COLLECTED MATERIAL:
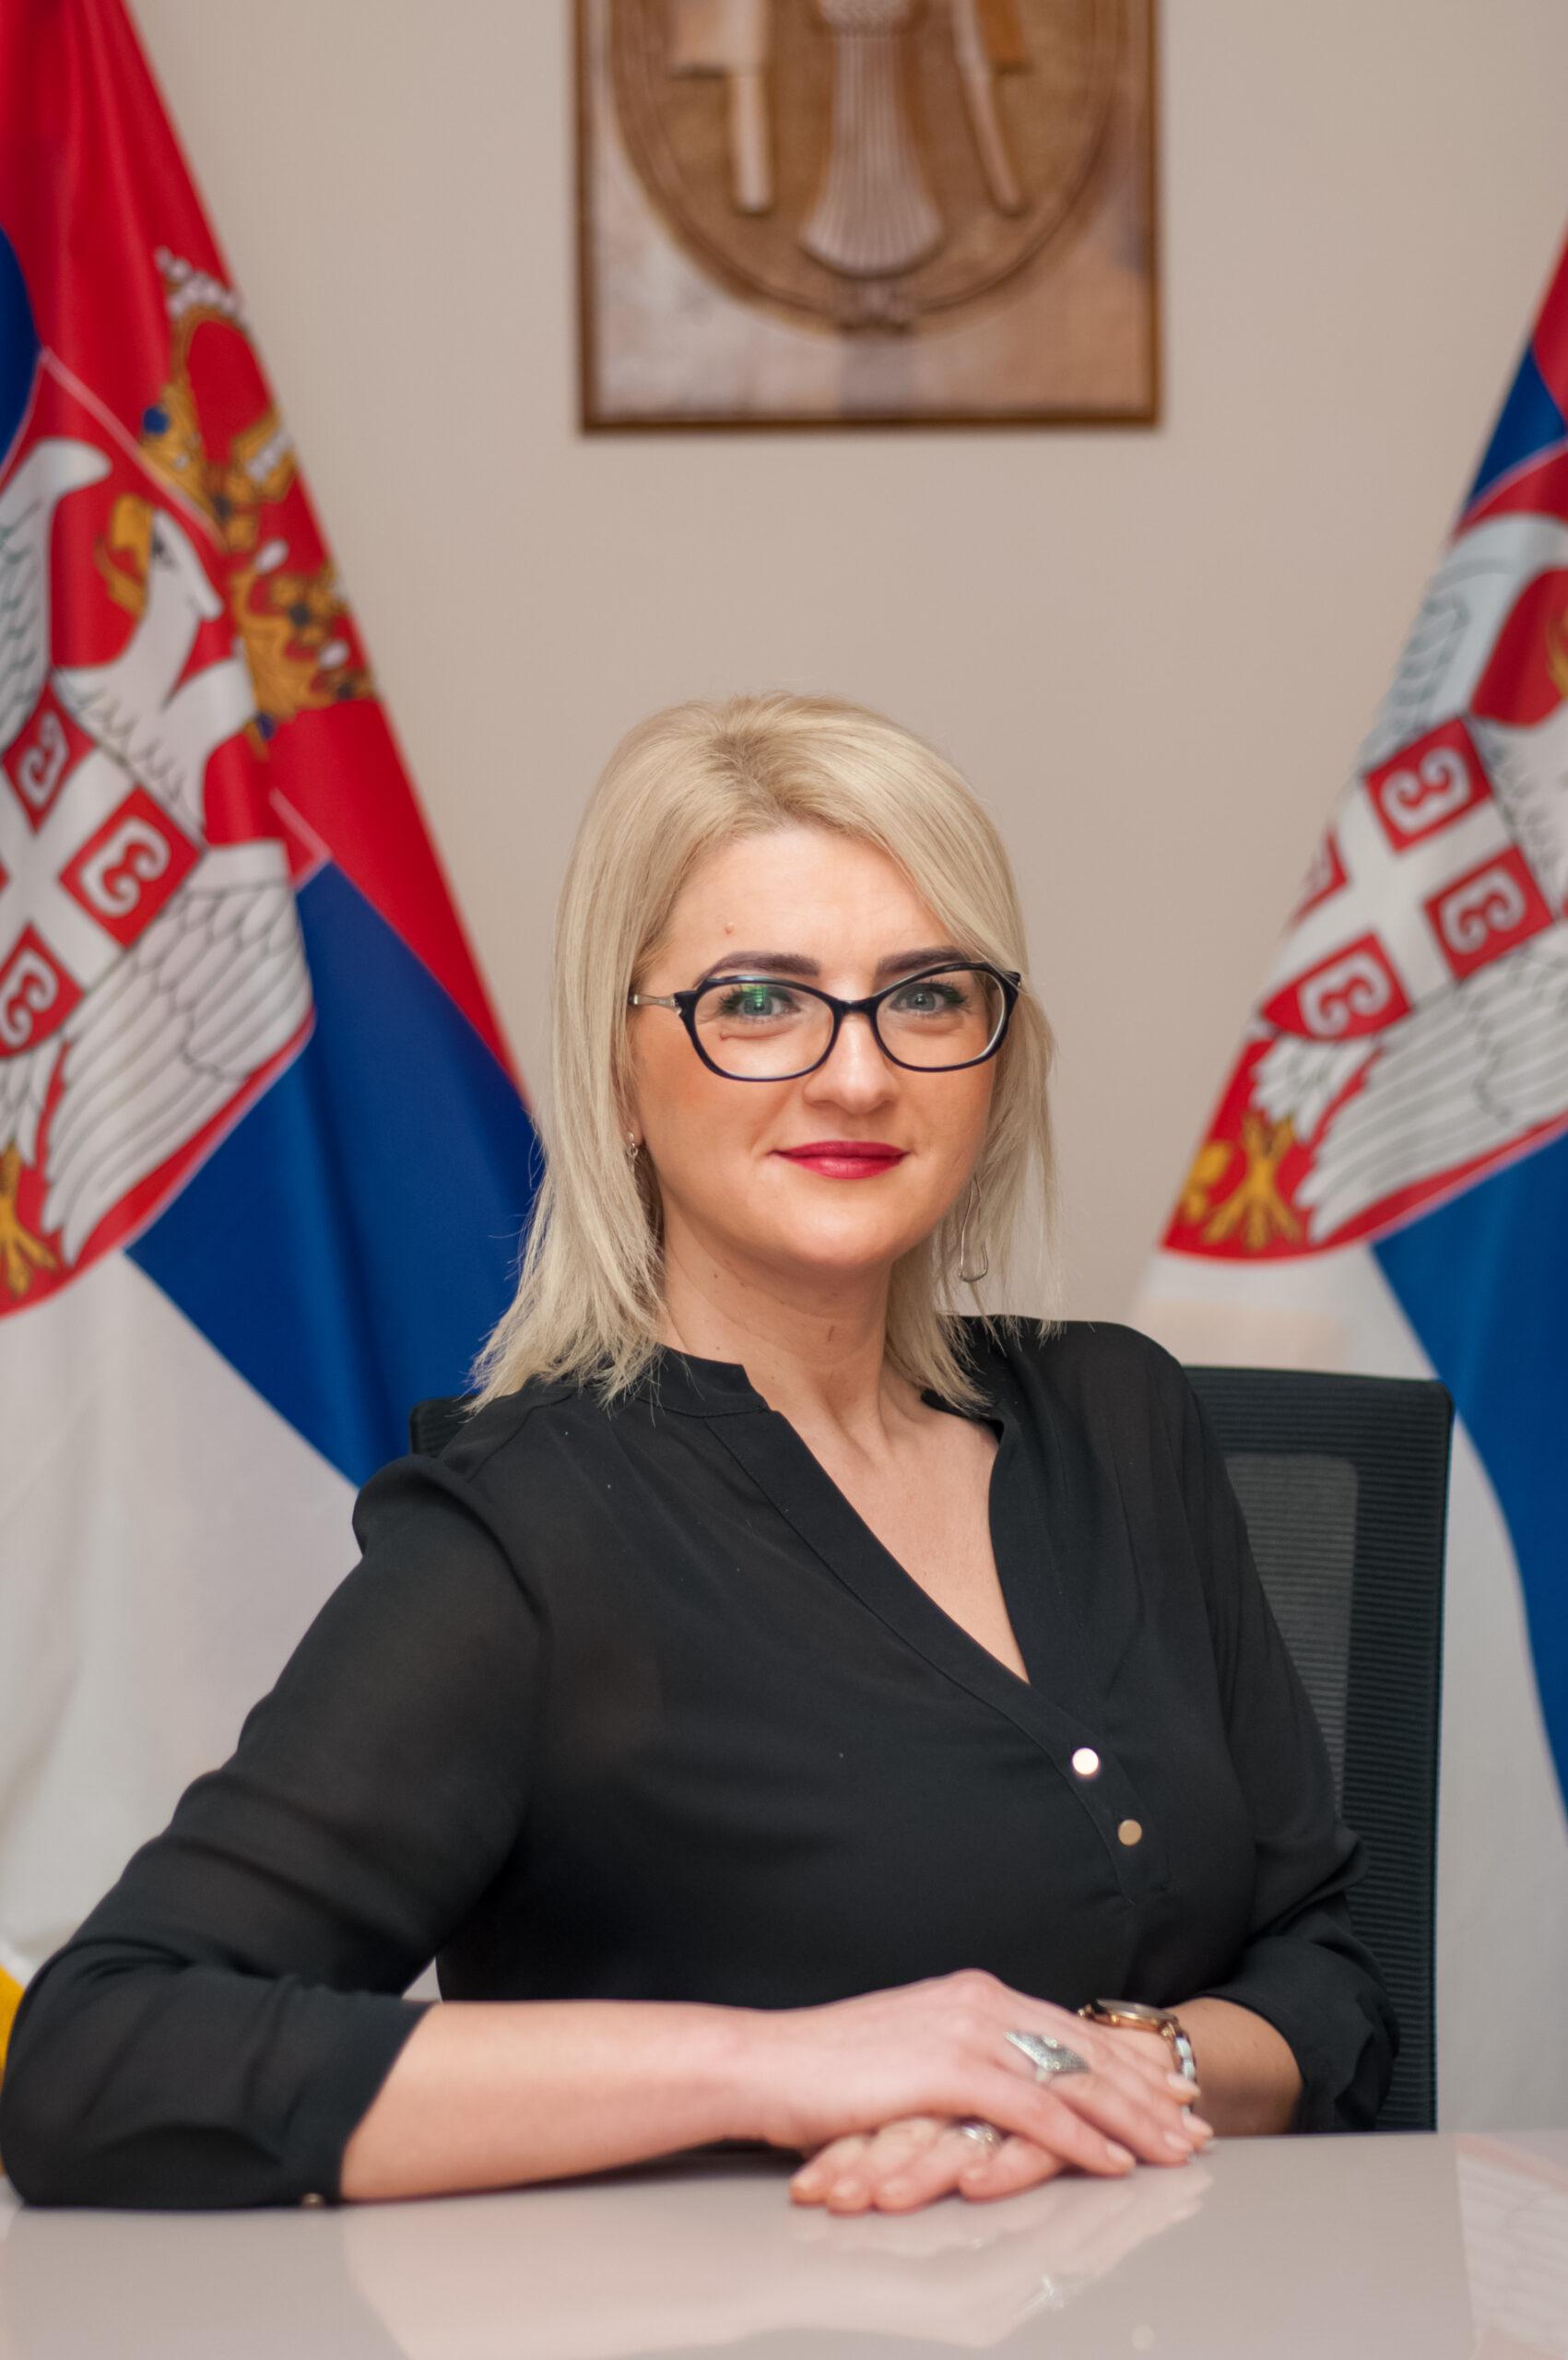 Jovana Lakić
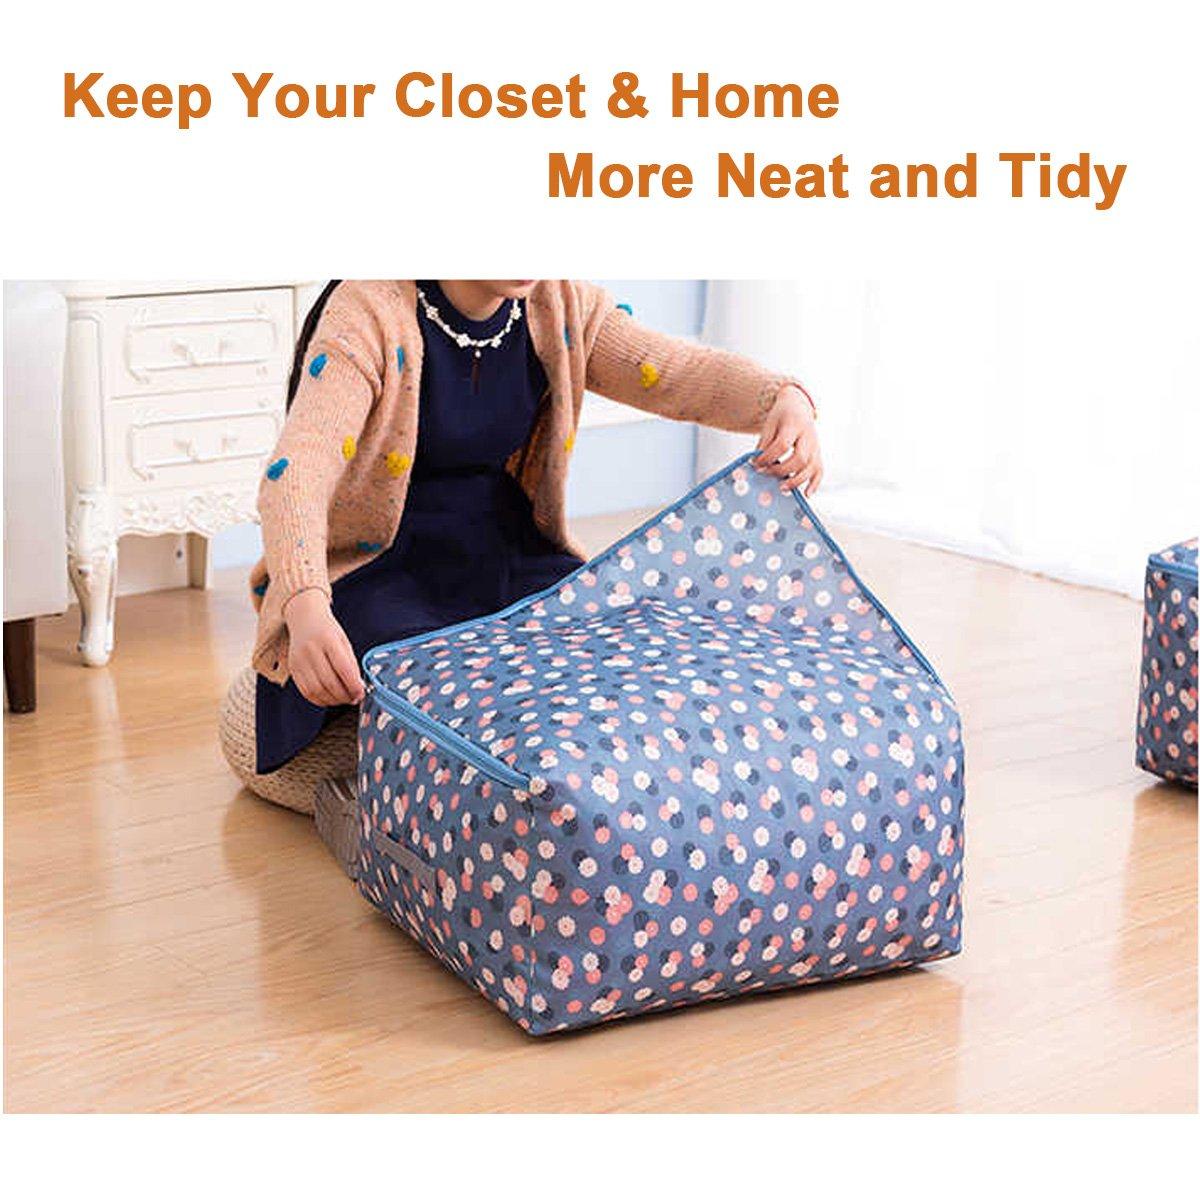 Amazon.com: Bolsa de almacenaje de edredón Bolsa de almacenamiento de tela Oxford Bolsa de almacenaje de cama debajo Caja de organizador plegable con ...
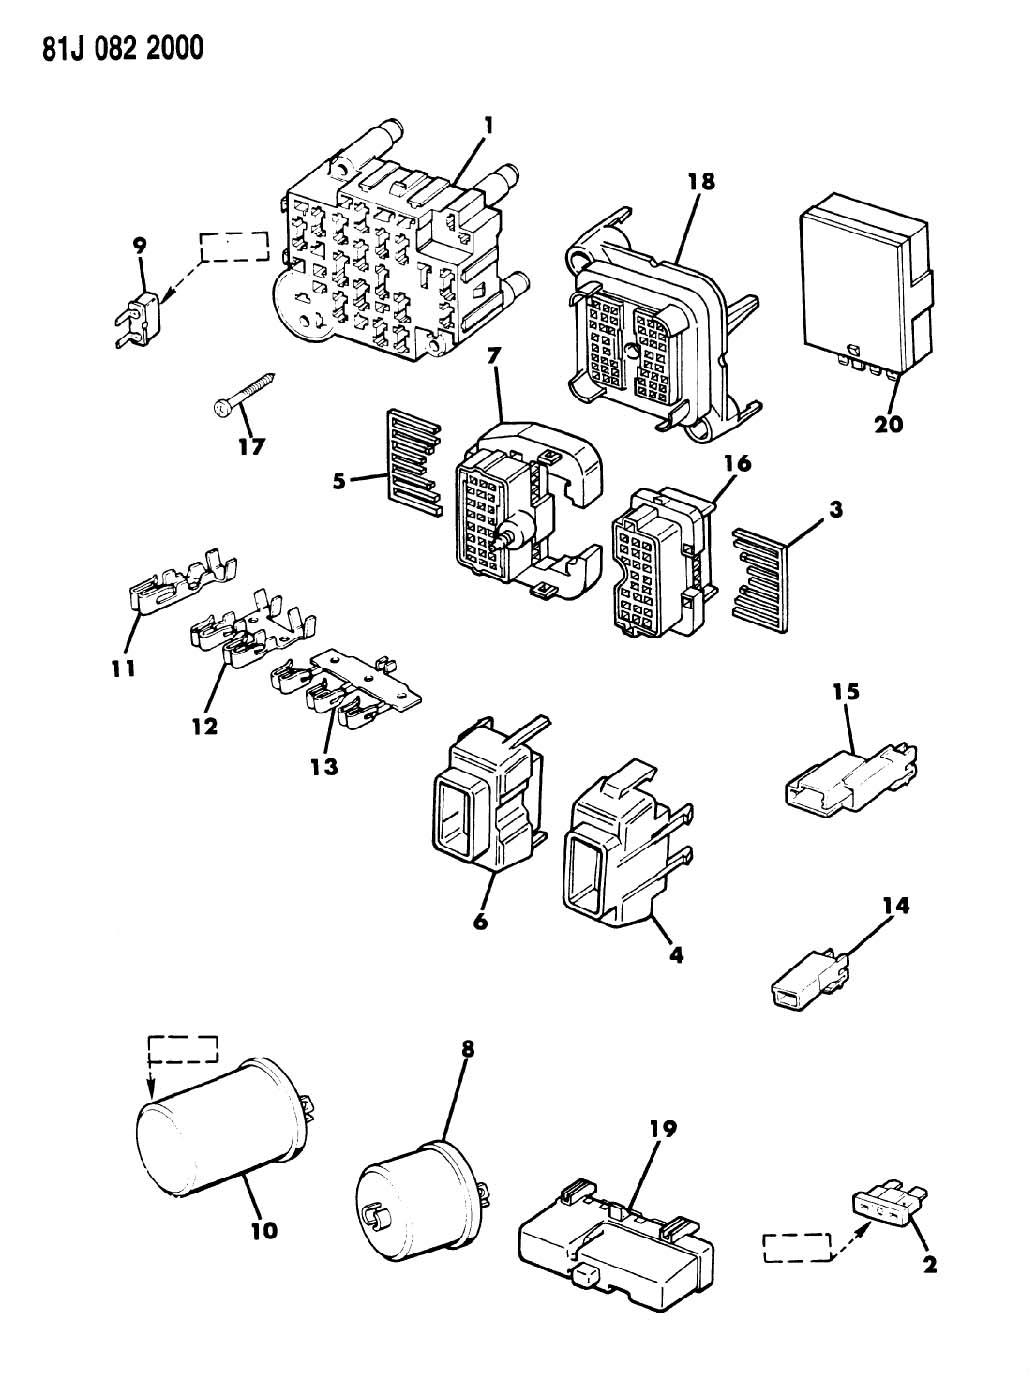 Jeep Grand Cherokee Zj Fuse Box Diagram
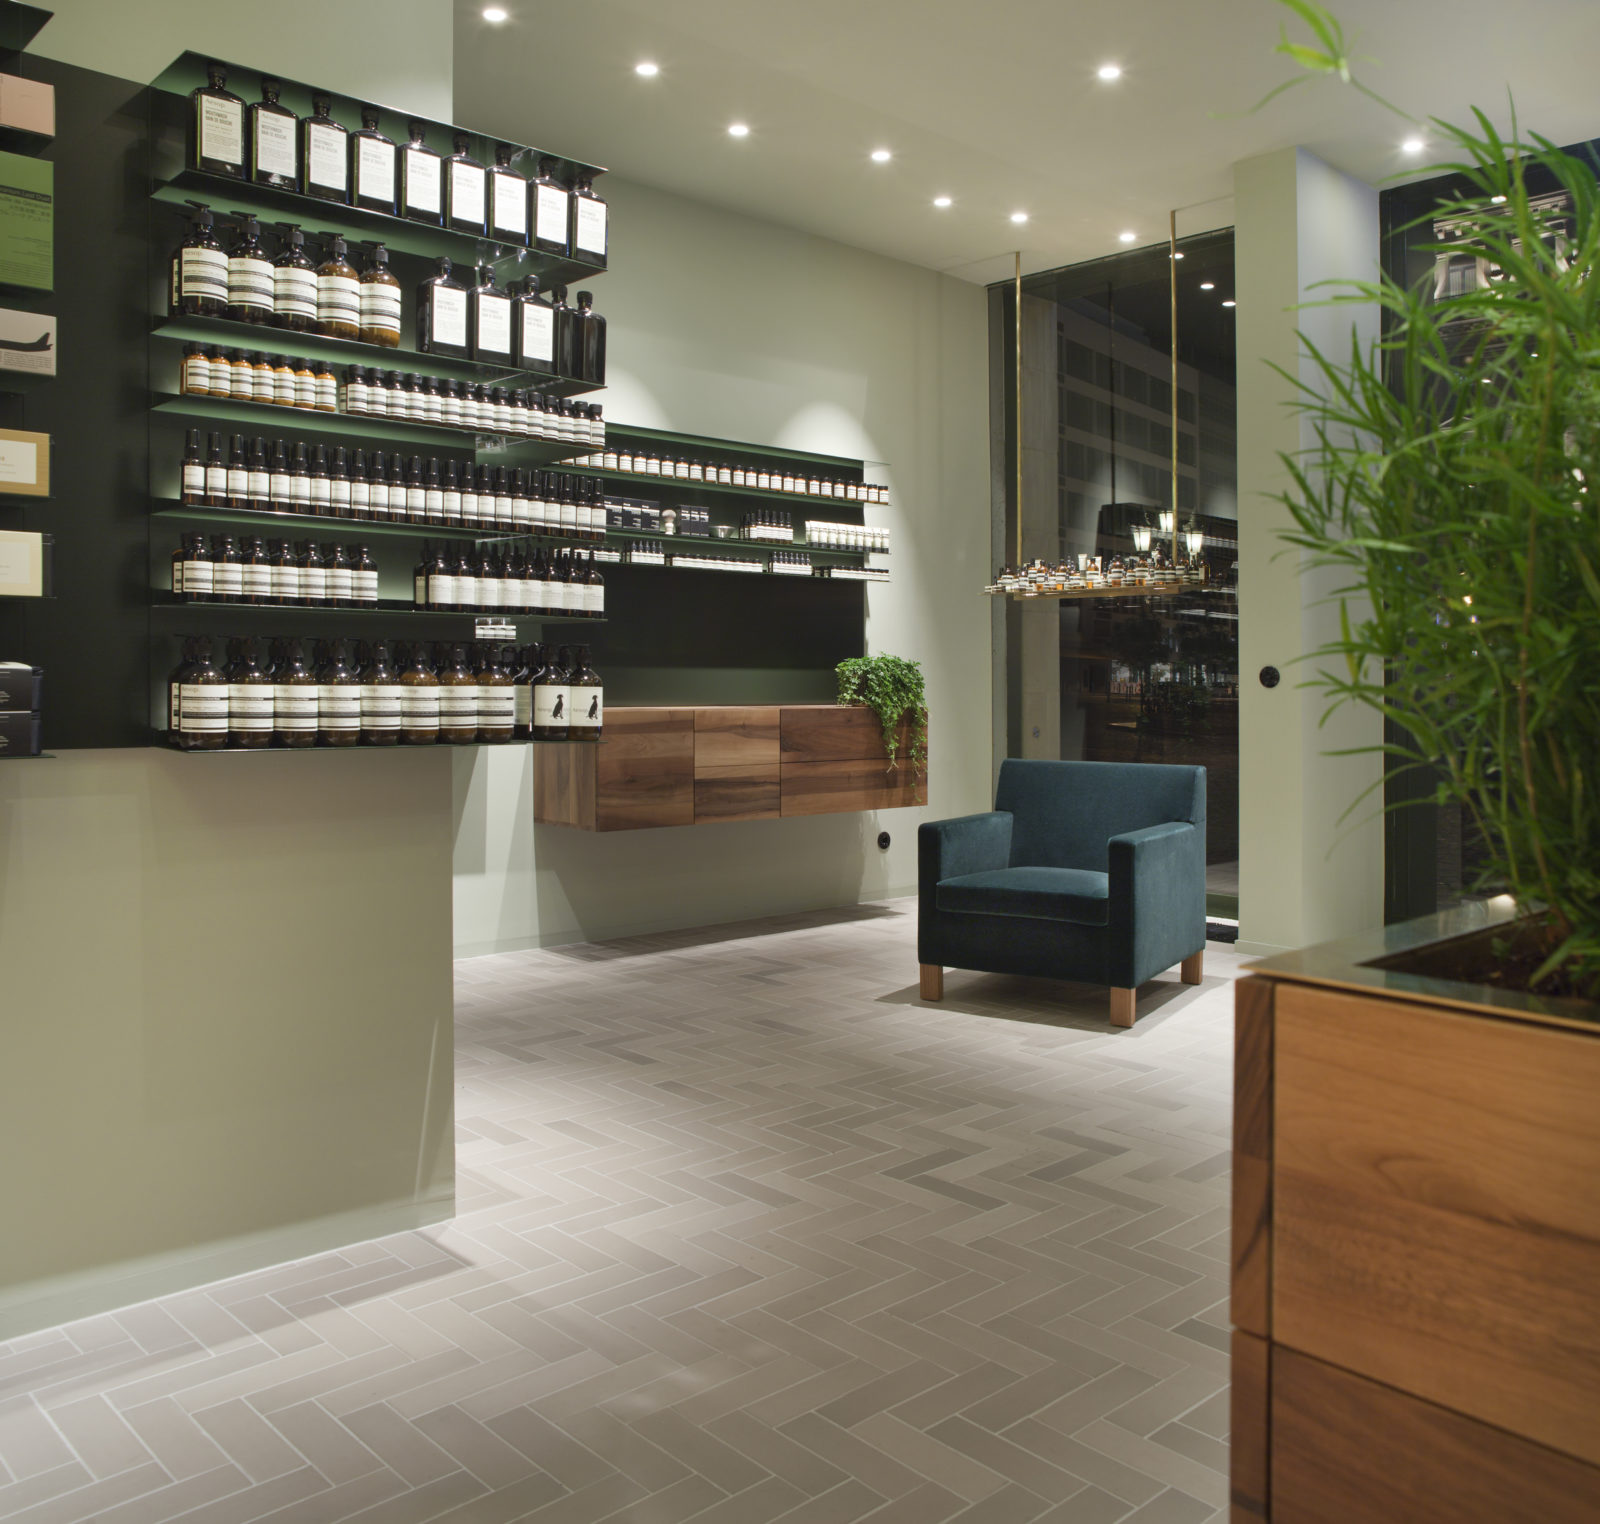 aesop frankfurt am main philipp mainzer. Black Bedroom Furniture Sets. Home Design Ideas

YOUR ASSIGNMENT: Transcribe exactly the line containing "Amazon.com: Bolsa de" and every line after it through the end of the listing above; pictures are not part of the copy.

EXERCISE RESULT:
 Amazon.com: Bolsa de almacenaje de edredón Bolsa de almacenamiento de tela Oxford Bolsa de almacenaje de cama debajo Caja de organizador plegable con ...
 Jeep Grand Cherokee Zj Fuse Box Diagram
 aesop frankfurt am main philipp mainzer. Black Bedroom Furniture Sets. Home Design Ideas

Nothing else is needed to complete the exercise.